Figure 4 shows the change in the proportion of integration cost in the OLCOE in relation to the penetration levels. The figure shows that the proportion of integration cost is increasing almost linearly. The integration cost of low wind speed accounts for 14–31% of the OLCOE, the highest among the three scenarios, while that of offshore wind power is the lowest. As shown in Figure 2, this is mainly due to the fact that low wind speed needs more backup capacity to ensure the reliability of power supply.

4.4. Changes of Profile Cost and Their Effects on Conventional Units

Given a constant total load, wind power integration will replace part of the conventional capacity and reduce the power generated by conventional units. However, the relationship between the capacity reliability of wind power and the penetration levels is not linear. Therefore, the FLH of conventional units do not change linearly with penetration. Figure 5 shows the effects of wind power on conventional units under three different scenarios.

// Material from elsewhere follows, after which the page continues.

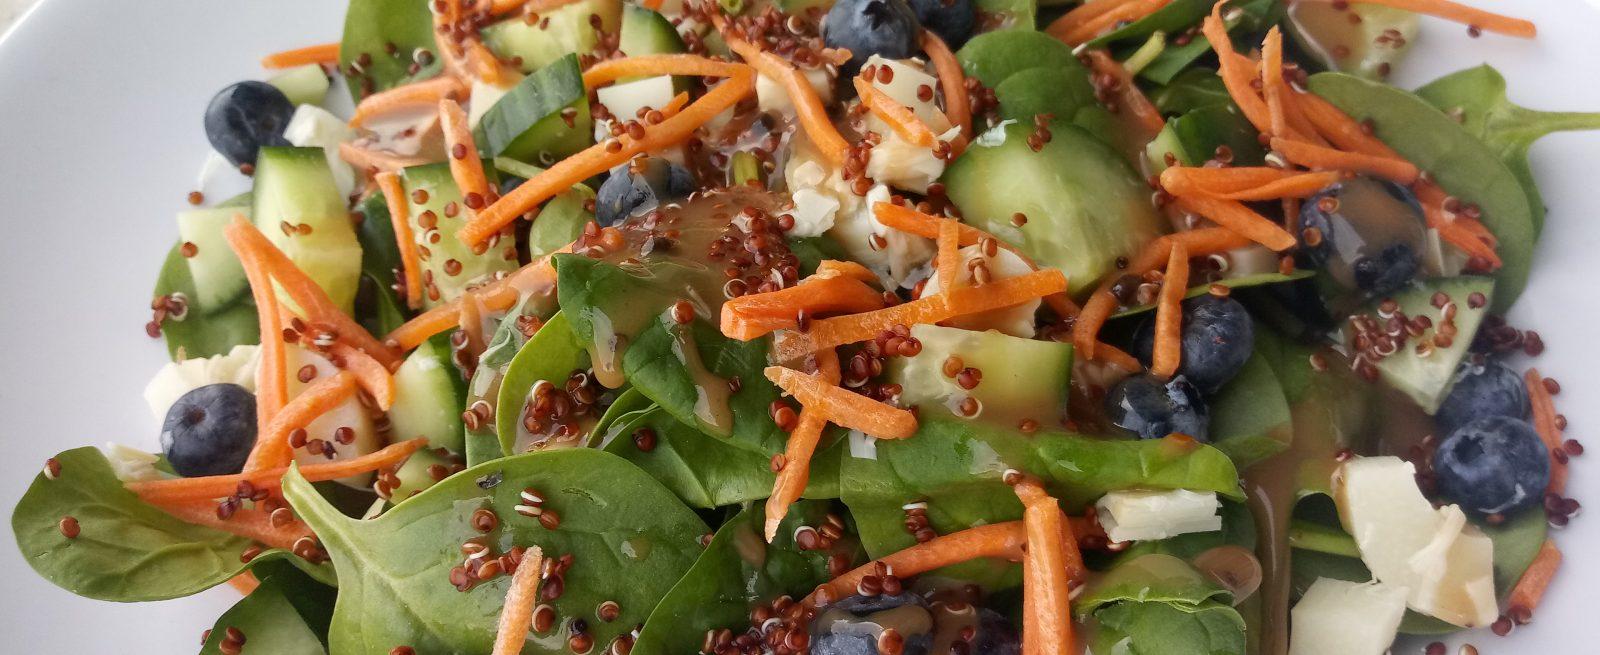 Veggie Alternatives At Brat Fest >> Mrm Plant Based Raised Rooted Fresh L A And Nozzarella Mrm
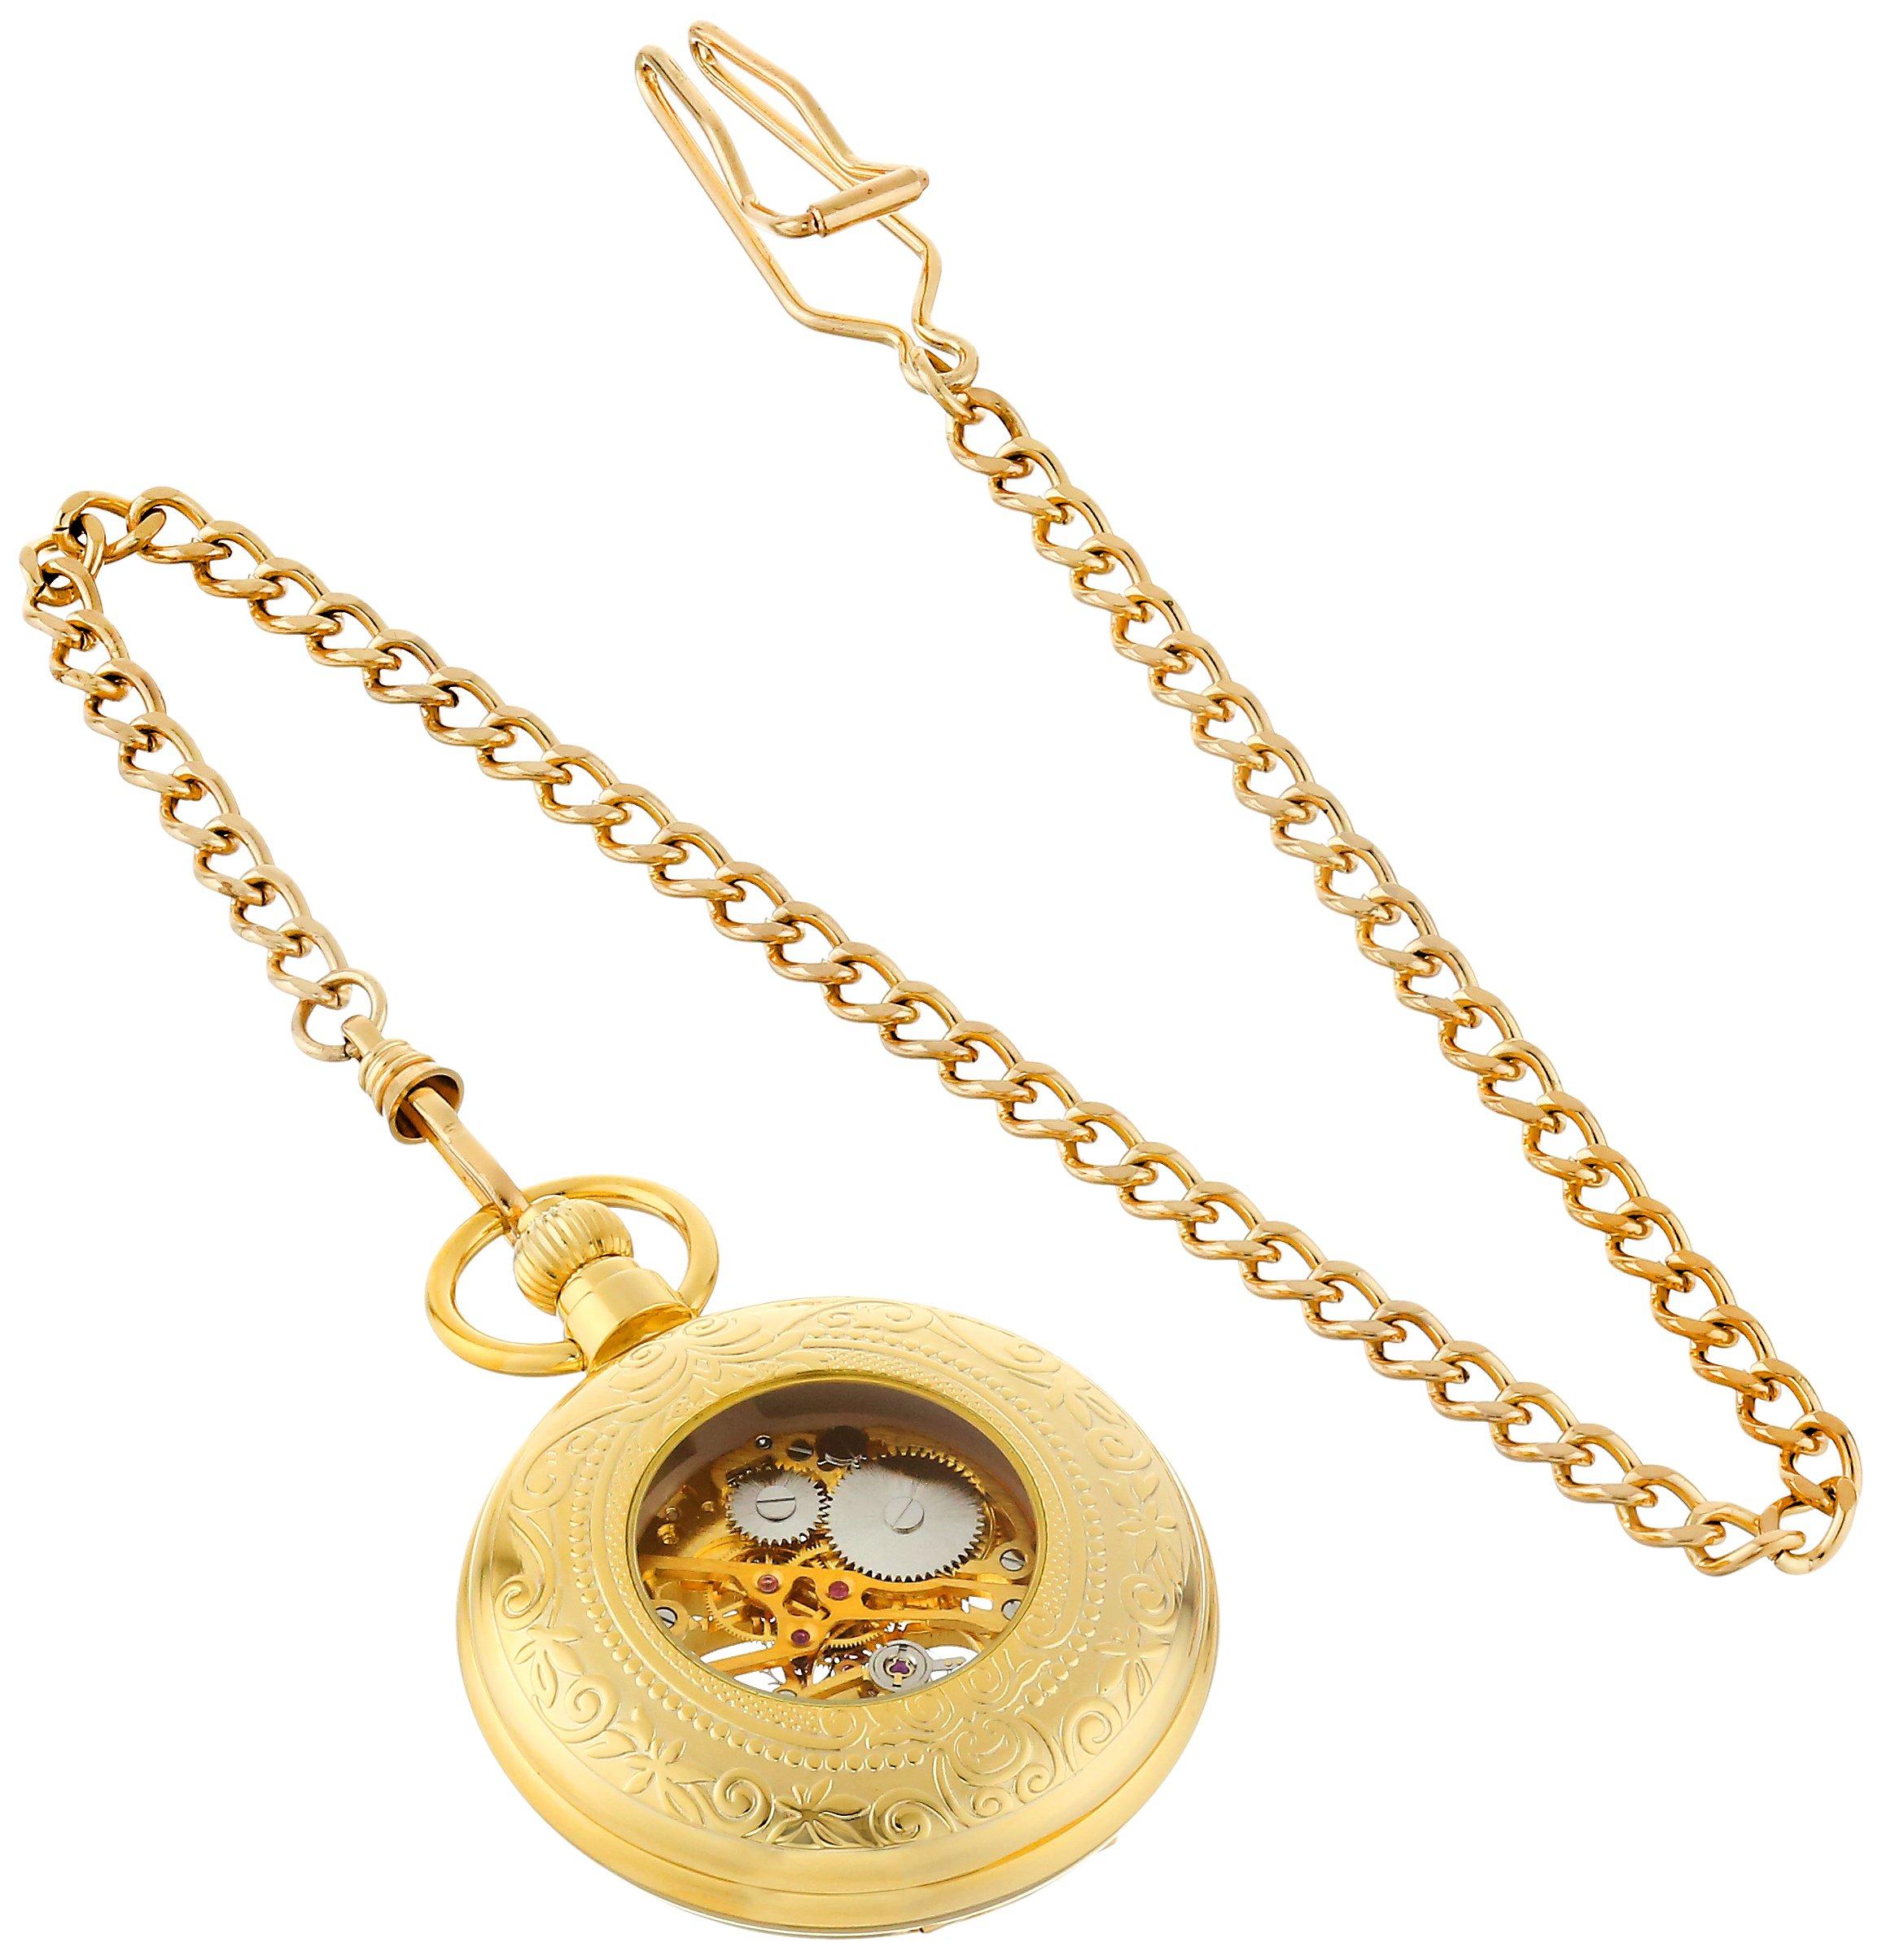 Charles-Hubert, Paris Gold-Plated Mechanical Pocket Watch by CHARLES-HUBERT PARIS (Image #2)

As for the influence of wind power on thermal power FLH, the following findings are made:(1)With the increase in penetration, the FLH of conventional power is gradually reduced under the scenarios of offshore and centralized onshore wind power.(2)With a high proportion of wind power, the FLH of thermal power will drop even faster. This is because wind power has lower capacity confidence at a high penetration, and more backup thermal power units are needed to absorb each kilowatt-hour of wind power. This part of reserve capacity is usually operated in a noneconomic state. In the offshore case, the decline rate of thermal FLH increases from 15 to 59 h per 1% penetration.(3)As the FLH of offshore wind power are higher than those of the other two, they have the greatest effect on conventional units in the system. Therefore, the thermal FLH will drop at the highest speed. Offshore wind power has an average decreasing rate of 46.6 h per 1% penetration, while that for centralized onshore wind power is 46.2 h per 1% penetration.(4)In the case of low wind speed, thermal FLH shows a slightly increasing trend when the penetration level is low (below 10%), indicating that low wind speed power at low penetration levels is beneficial to reducing thermal generation cost. This may be due to the fact that, at low penetration in low wind speed scenarios, the capacity confidence of wind power is relatively high, while FLH of low wind speed are relatively low. The task of thermal power units is more to bear the base load, rather than as a backup. Therefore, when the proportion of wind power increases, the capacity of thermal power units as reserves will be reduced more, so the FLH of thermal power will increase slightly. However, at a relatively high penetration, the base load is transferred from thermal power plants to wind power plants. Thermal power units are more used as backups, resulting in a decrease of FLH.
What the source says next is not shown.